I have a 2nd order BVP:

x''=-Q*x/r 
y''=-Q*y/r 
z''=-Q*z/r 
x(t0)=x0
y(t0)=y0 
z(t0)=z0
x(t1)=x0
y(t1)=y0
z(t1)=z0
r=x^2+y^2+z^2
Q-constant

Need to find x'(t0),y'(t0) and z'(t0)

For solution, I'm choosing the values x'(t0),y'(t0) and z'(t0), and calculate the values for t1. I don't know, how to "calibrate" this values, in case if calculated x(t1),y(t1),z(t1) are wrong.

I know how to implement Runge-Kutta, and read a lot about Shooting method, however I don't know how to change the x',y',z' (3 variables) each time to get the final result.

UPDATE

I use the Shooting method as follows:
y''-P(t)y=F(t) - the form of BVP
y(n+1)=C(n+1)*y(n+2)+D(n+1) 
C(n+1)=1/(2+P(n+1)*h^2-C(n))
D(n+1)=C(n+1)*(D(n)-F(n+1)*h^2)

The problem is, I don't know what are P and F in my case

Answer 1

This is all a lot easier if you generalize a bunch. Given a second order BVP:

$$y''=f(t,y,y') \\ y(a)=y_a \\ y(b)=y_b$$

where $f$ is a given function and $y_a,y_b$ are given vectors. The idea is that you know how to solve the IVP:

$$y''=f(t,y,y') \\ y(a)=y_a \\ y'(a)=y'_a.$$

Therefore, given a value of $y'_a$, you can simulate the IVP (using whatever IVP method you like) and obtain $y(b)$. Let's use $F$ to refer to the mapping $y'_a \mapsto y(b)$; then you just want to solve the equation $F(x)=y_b$ for the vector $x$, which is just a nonlinear system of equations. There are lots of methods out there for nonlinear systems. The only catch here is that the evaluation of $F$ must be treated as a "black box": there is no hope of having an explicit Jacobian of $F$ for general $f$. Still, such methods exist.

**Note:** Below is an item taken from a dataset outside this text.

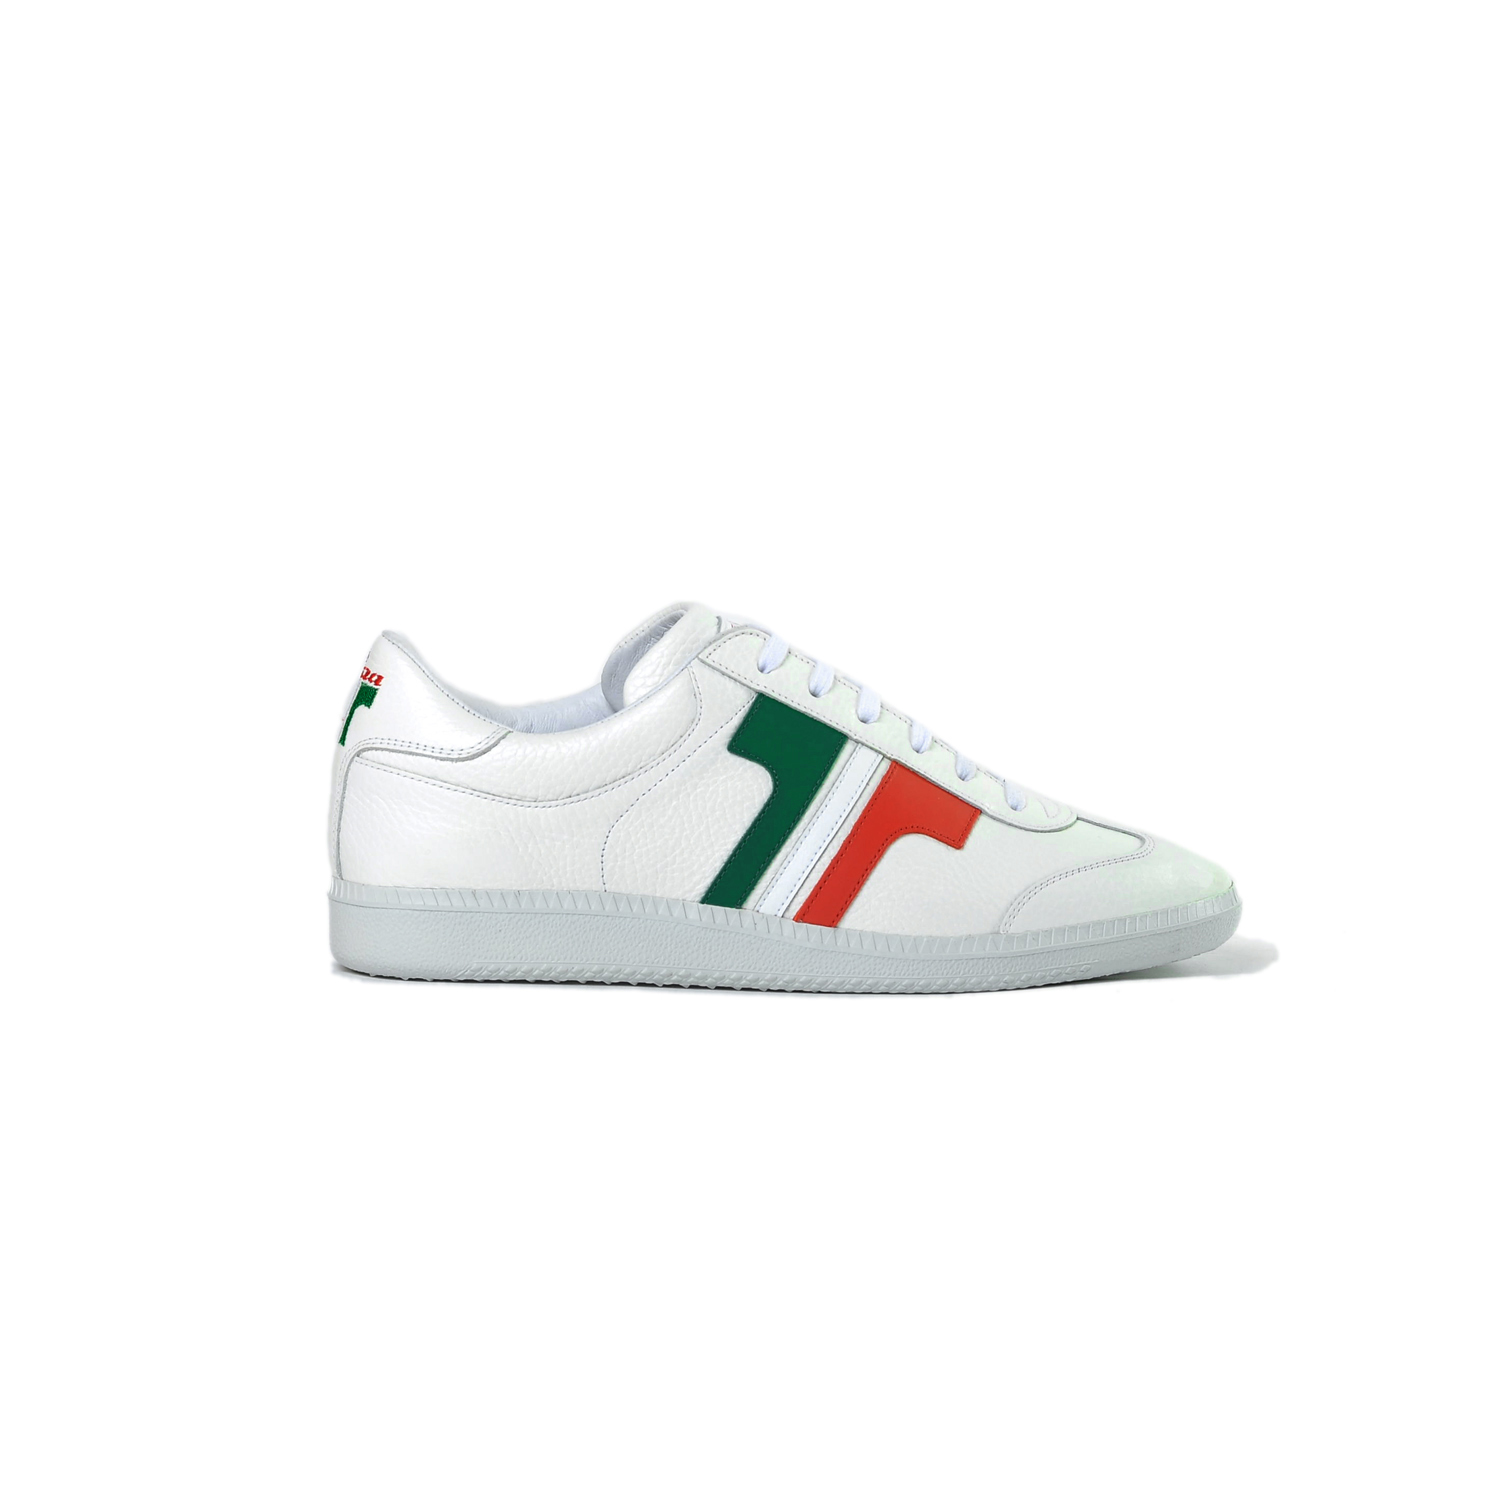 Tisza shoes - Compakt - White-tricolor

This is called the shooting method and it is the simplest method for ODE BVPs. There are faster and more robust methods out there employing different techniques like collocation methods and such.

Answer 2

This is a boundary value problem. No need to supply derivative numbers as initial values. The number of boundary conditions is adequate and correct. Works in all ODE solvers directly. It has a classical closed form solution.

In numerical shoot through, employing sliders for tuning each assumed initial derivative is helpful.

Answer 3

In the ODE system $y''=f(\|y\|)y$ the first derivative $U=\frac{∂y}{∂y'_a}$ satisfies the differential equation $$ U''=f(\|y\|)U+\frac{f'(\|y\|)}{\|y\|^2}yy^TU $$ with $U(a)=0$, $U'(a)=I$. Solving the augmented \begin{align} y''&=f(\|y\|)y,&&y(a)=y_a,\, y'(a)=x\\ U''&=f(\|y\|)U+\frac{f'(\|y\|)}{\|y\|^2}yy^TU,&&U(a)=0,\, U'(a)=I \end{align} system with an ODE -IVP solver will the not only provide the approximation $F(x)=y(b)$, but also the to the same order approximated Jacobian $F'(x)=U(b)$. Then you can apply Newton's method or any more global method based on first order informations.